> [ACTIVITY]: Print the records below exactly, from the line containing "Aurora Borealis yli" down to the line containing "Wandregal Badezimmer Holz: Auergewhnlich", both lines included, and omit every picture.

Top of DATASET RECORDS

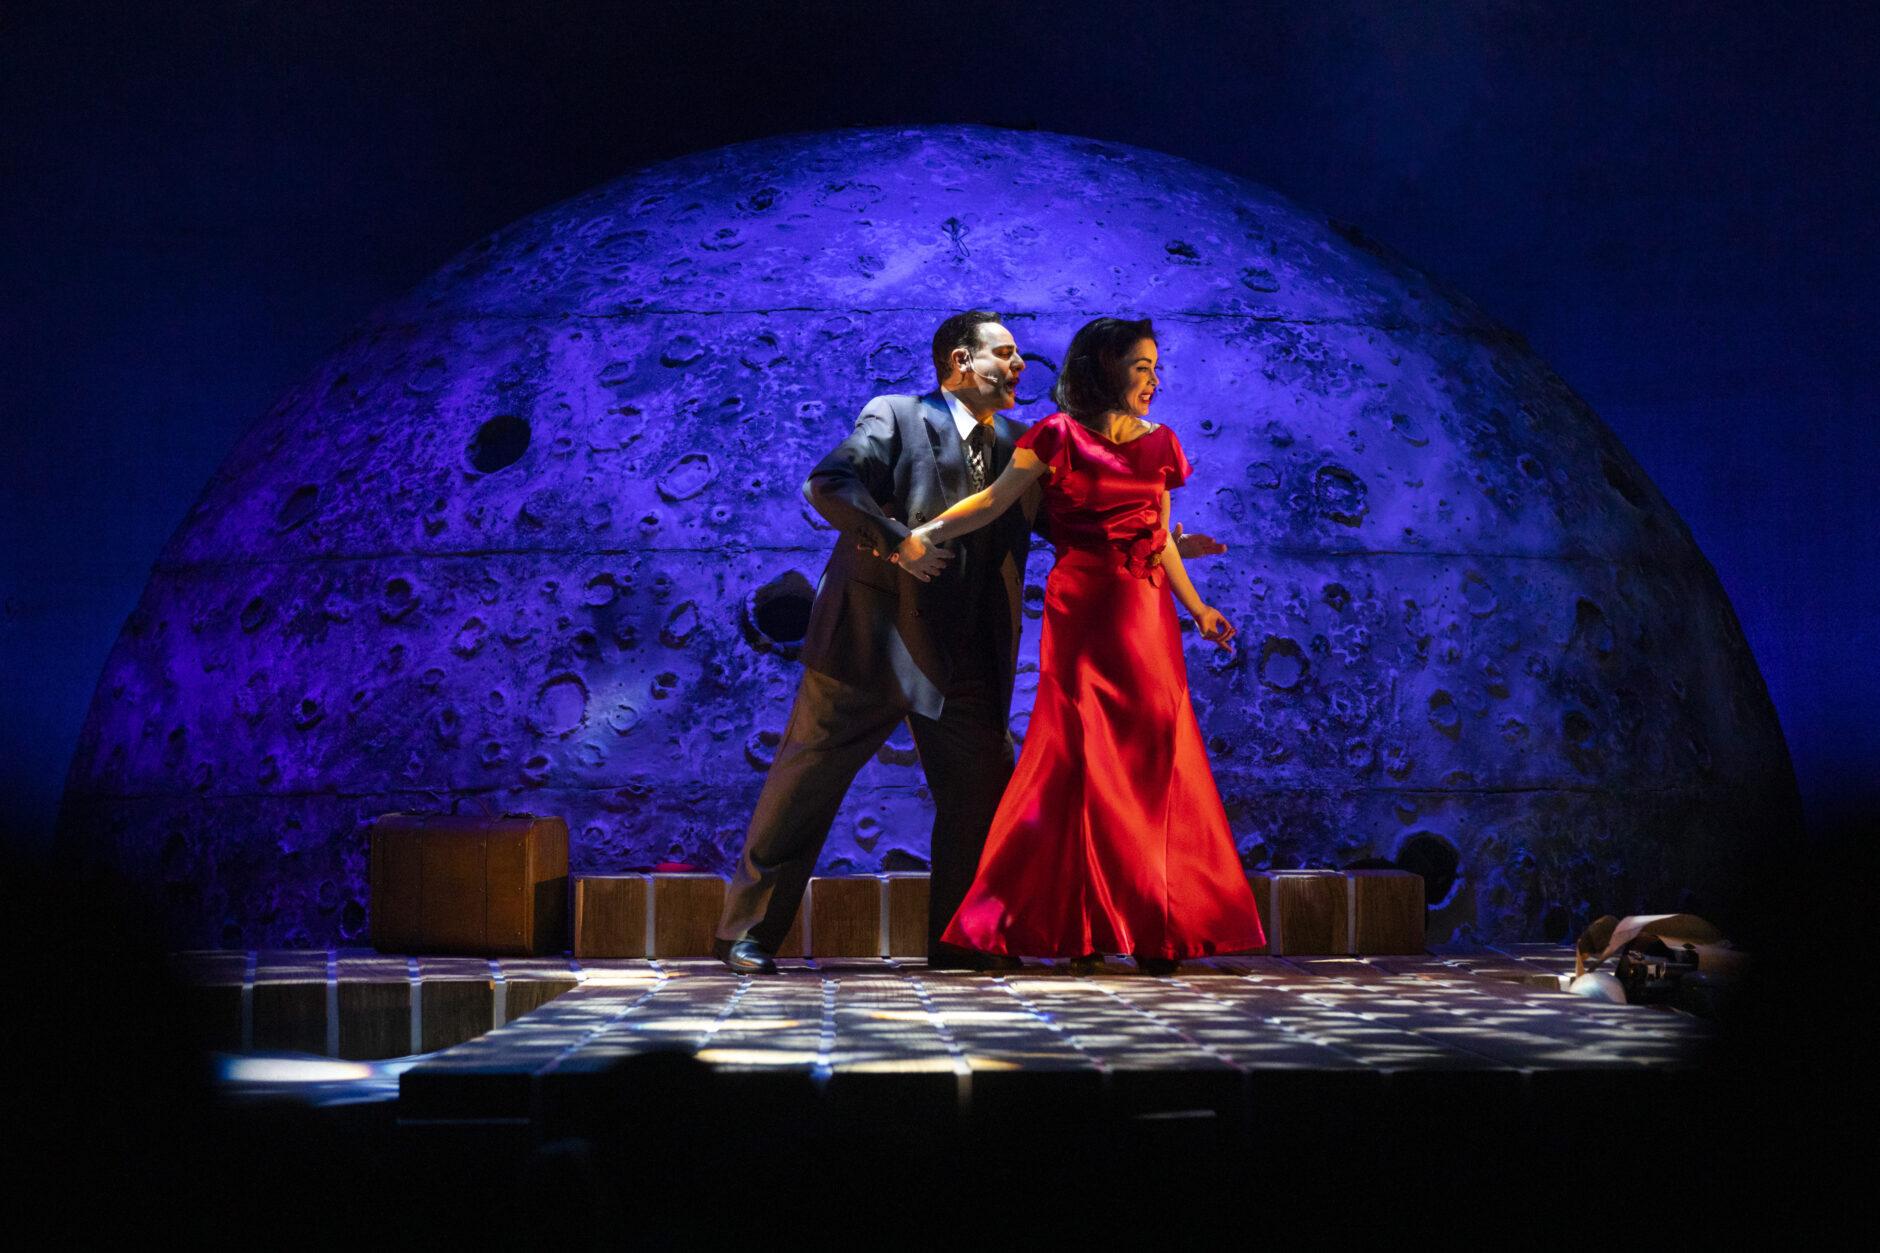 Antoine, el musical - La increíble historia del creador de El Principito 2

Bottom of DATASET RECORDS
Top of DATASET RECORDS

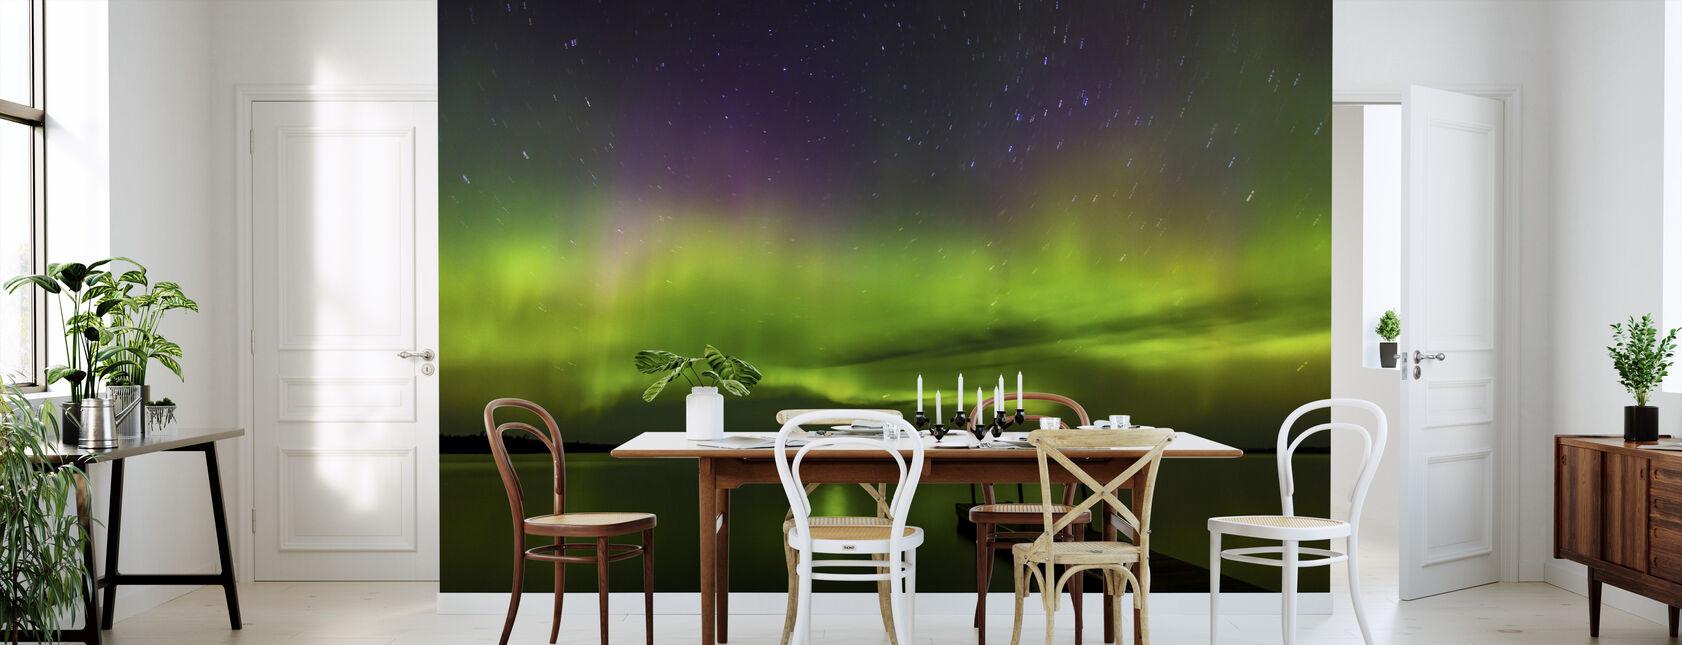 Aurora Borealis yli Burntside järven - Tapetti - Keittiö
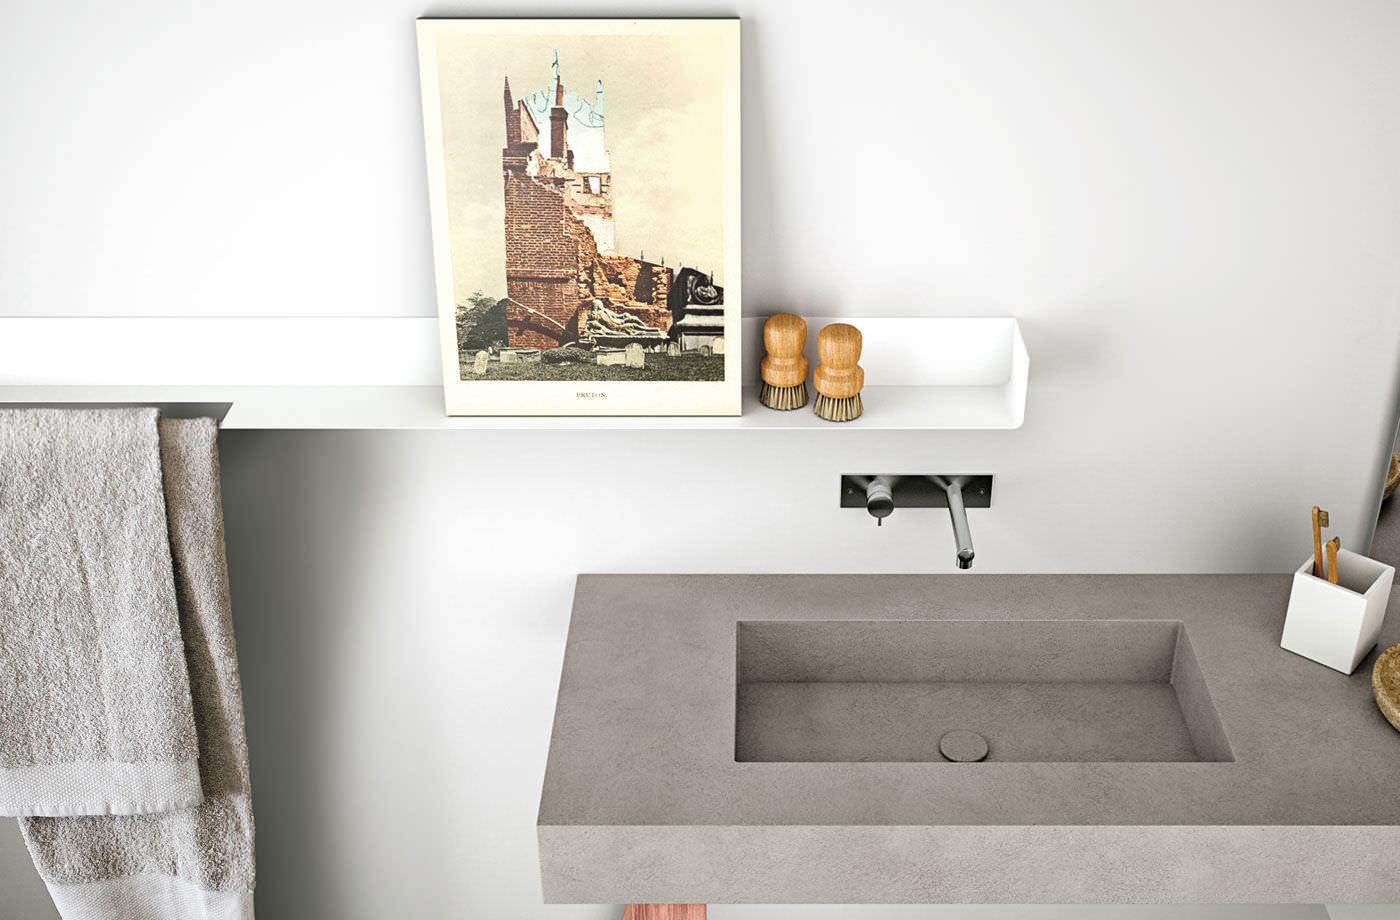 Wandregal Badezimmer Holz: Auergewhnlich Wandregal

Bottom of DATASET RECORDS
Top of DATASET RECORDS

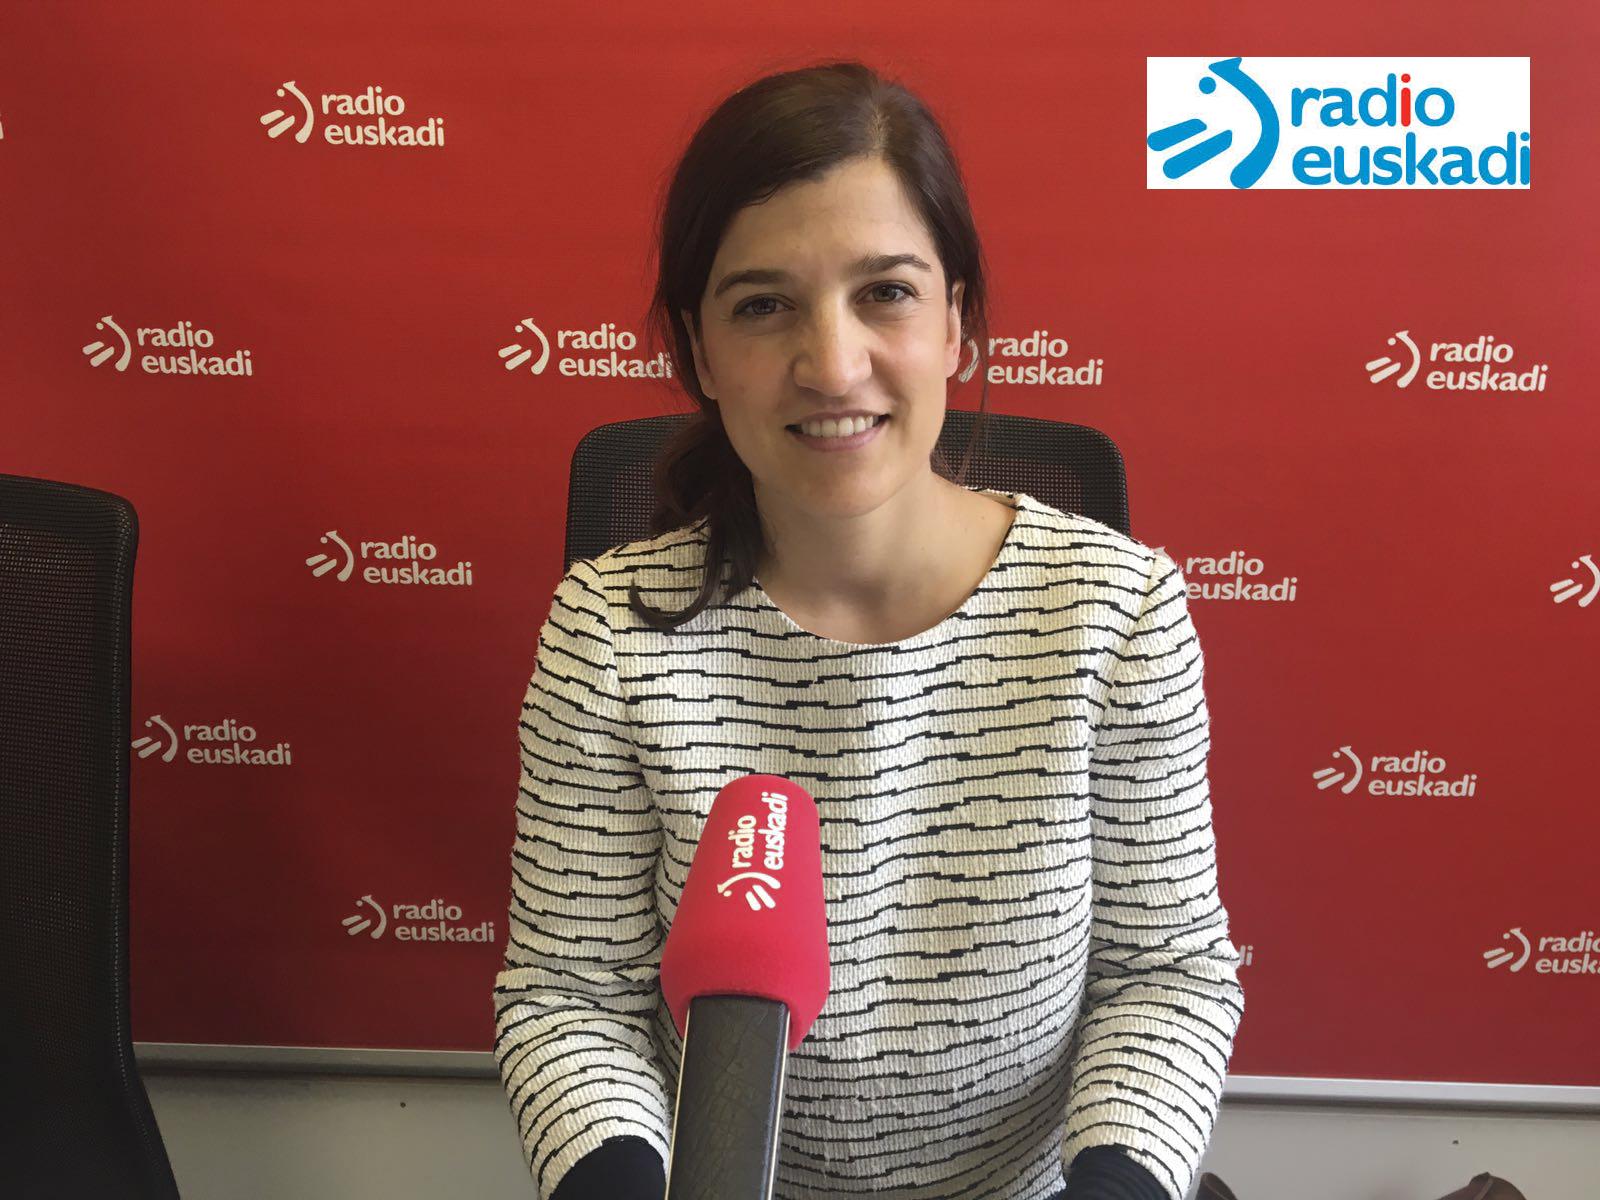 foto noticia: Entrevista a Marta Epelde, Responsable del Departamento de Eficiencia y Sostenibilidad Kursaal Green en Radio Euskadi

Bottom of DATASET RECORDS

> [ANSWER SPACE]:
 Aurora Borealis yli Burntside järven - Tapetti - Keittiö
 Wandregal Badezimmer Holz: Auergewhnlich Wandregal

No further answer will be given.